**Dataset extract:**
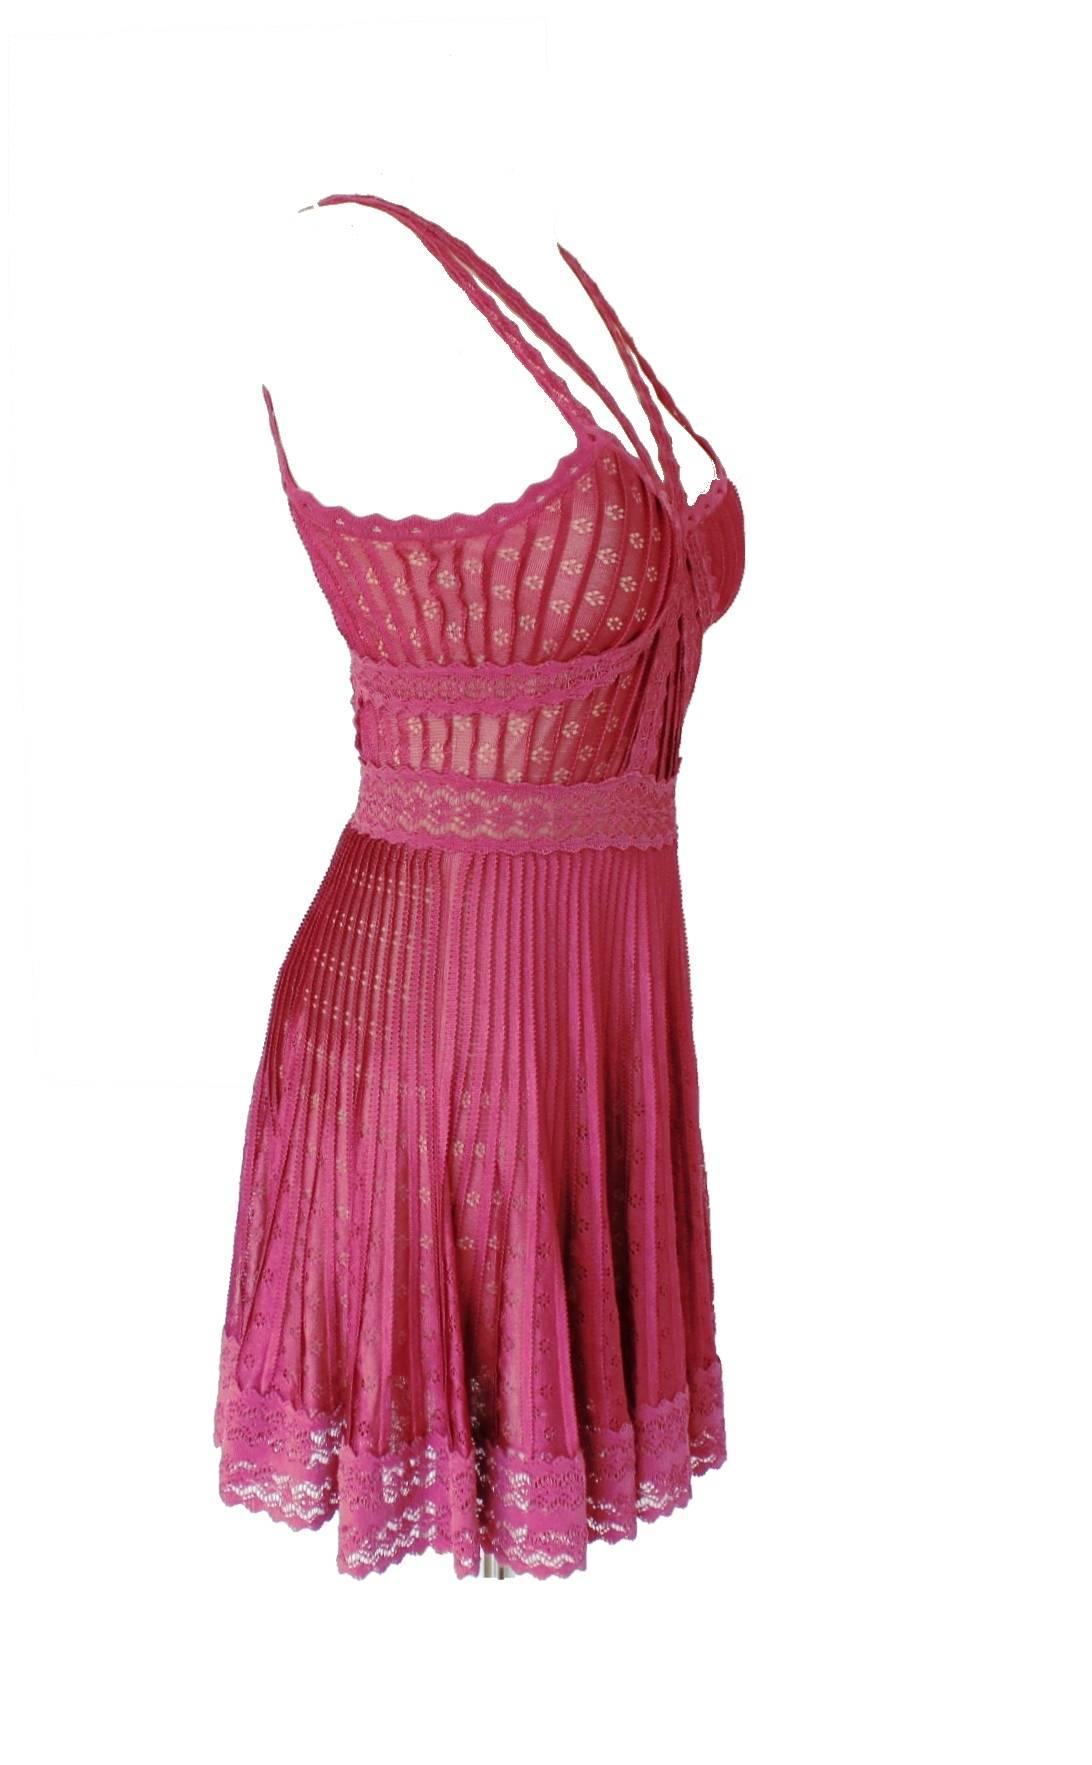 Pink Christian Dior Fuchsia Crochet Knit Detail Cocktail Dress
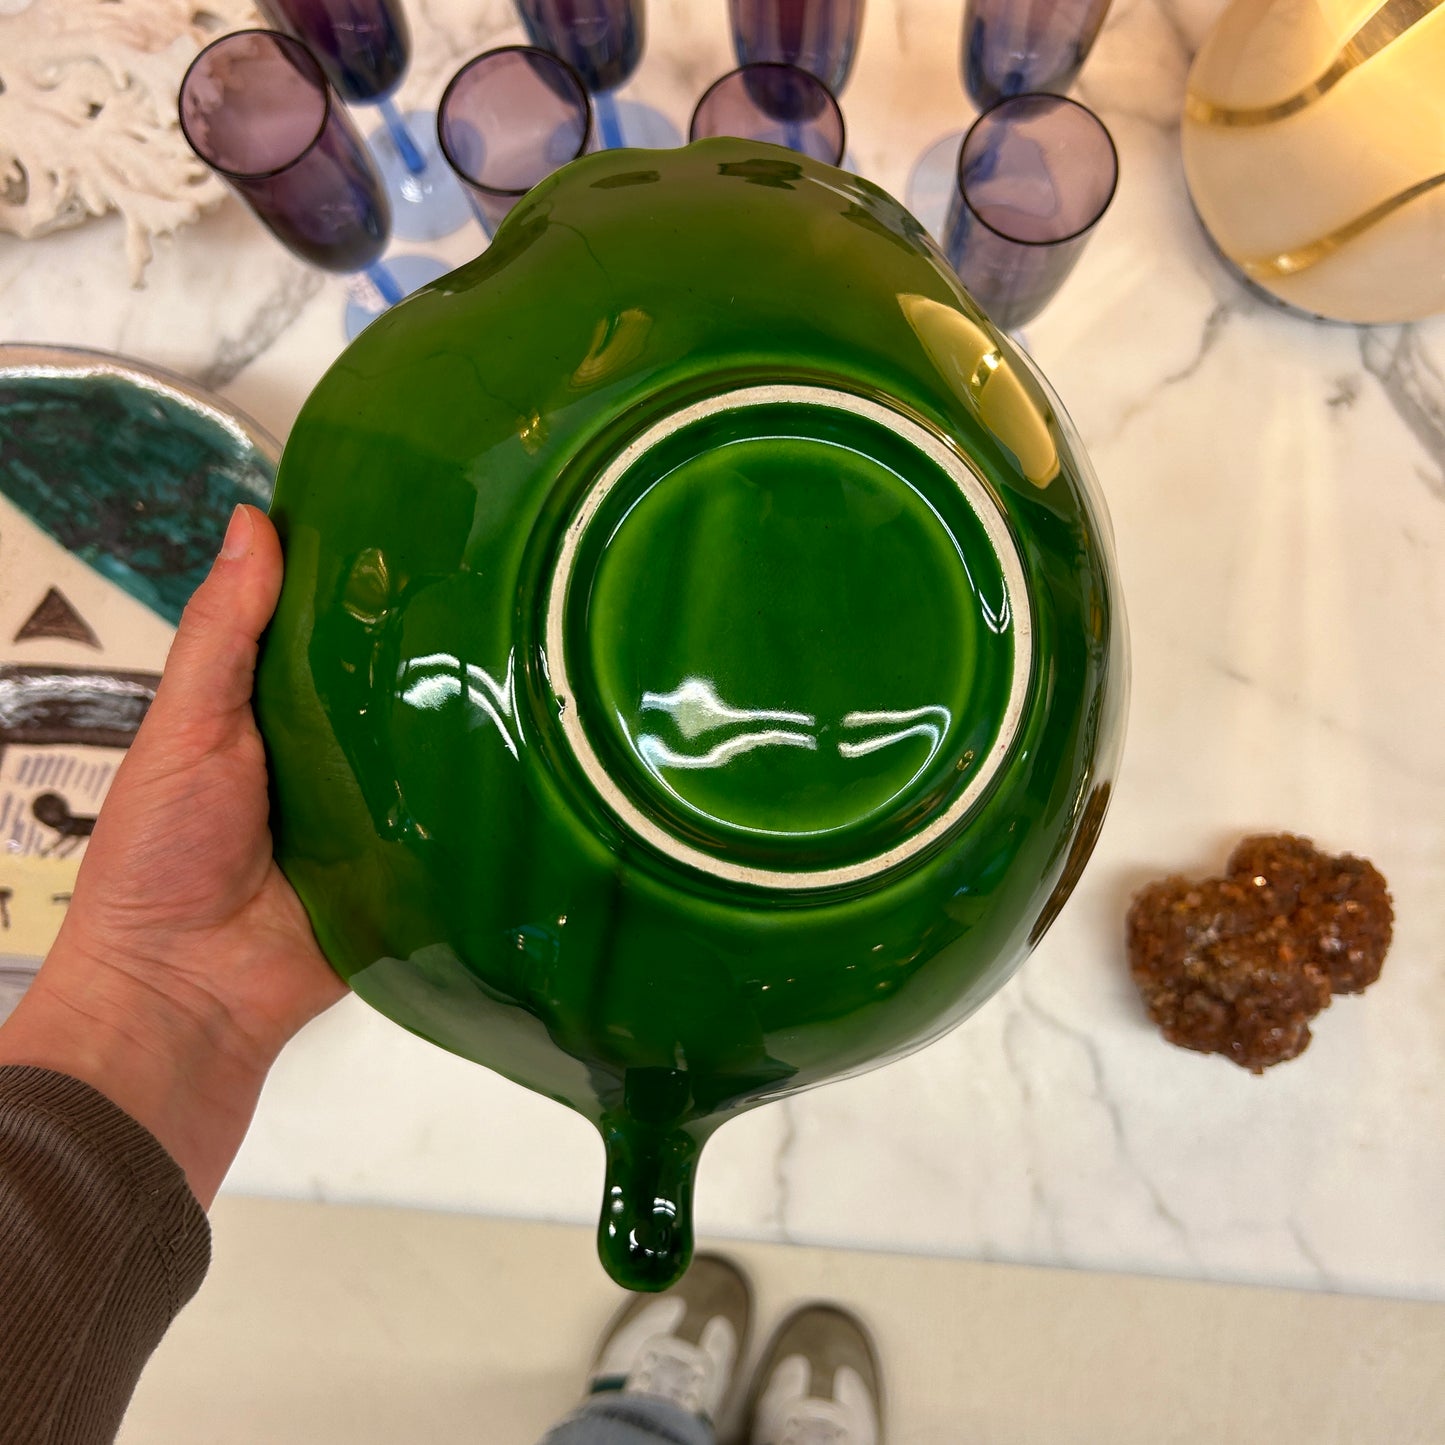 Green artichoke ceramic bowl
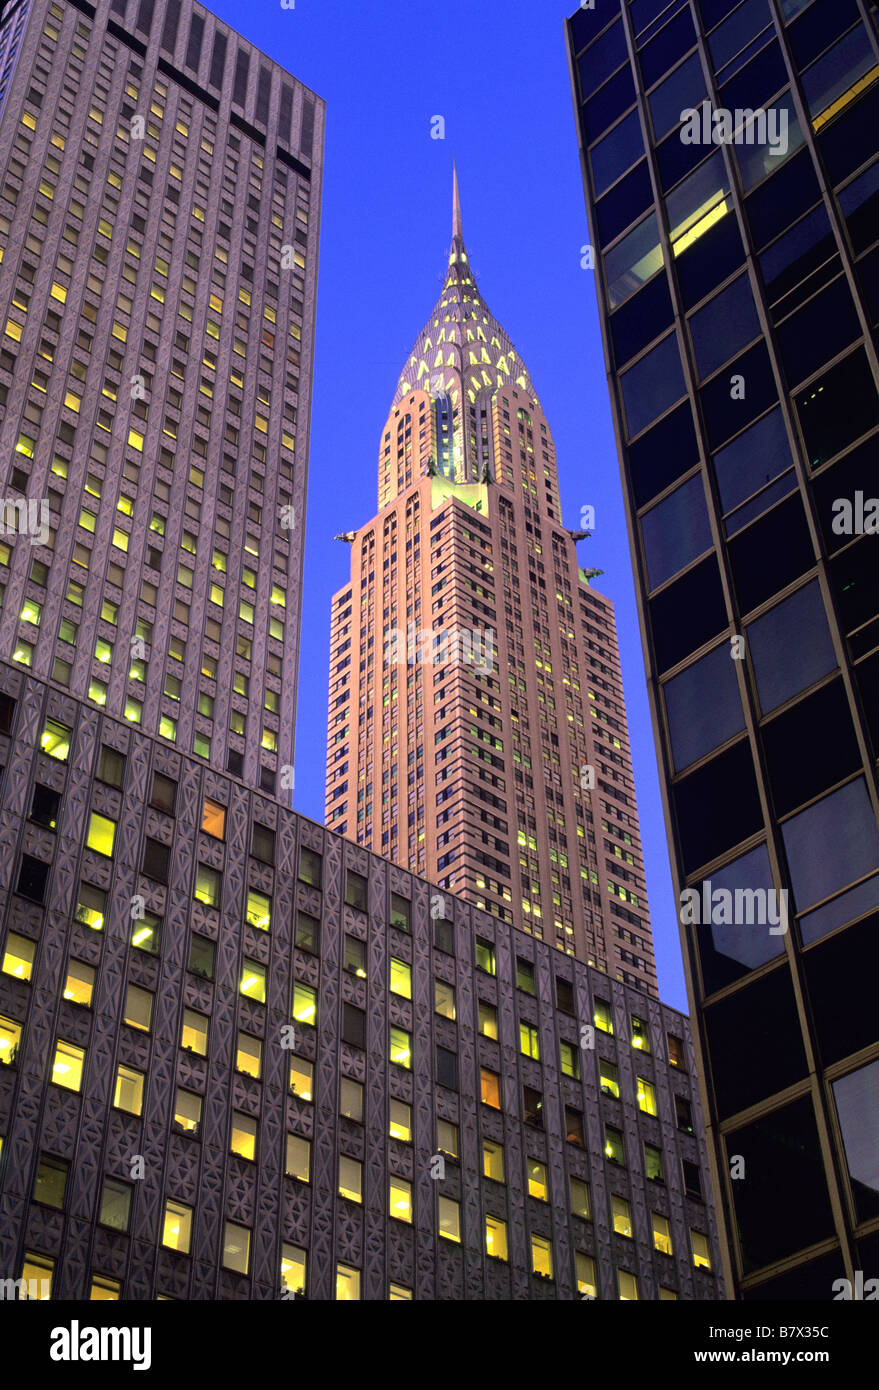 Le Chrysler Building, New York, USA Banque D'Images

**How to complete this task:**
From the line that holds "Green artichoke ceramic bowl" down to the last line of the material above, every line is to be copied exactly, both ends included; pictures are to be omitted.

**Expected output:**
 Green artichoke ceramic bowl
 Le Chrysler Building, New York, USA Banque D'Images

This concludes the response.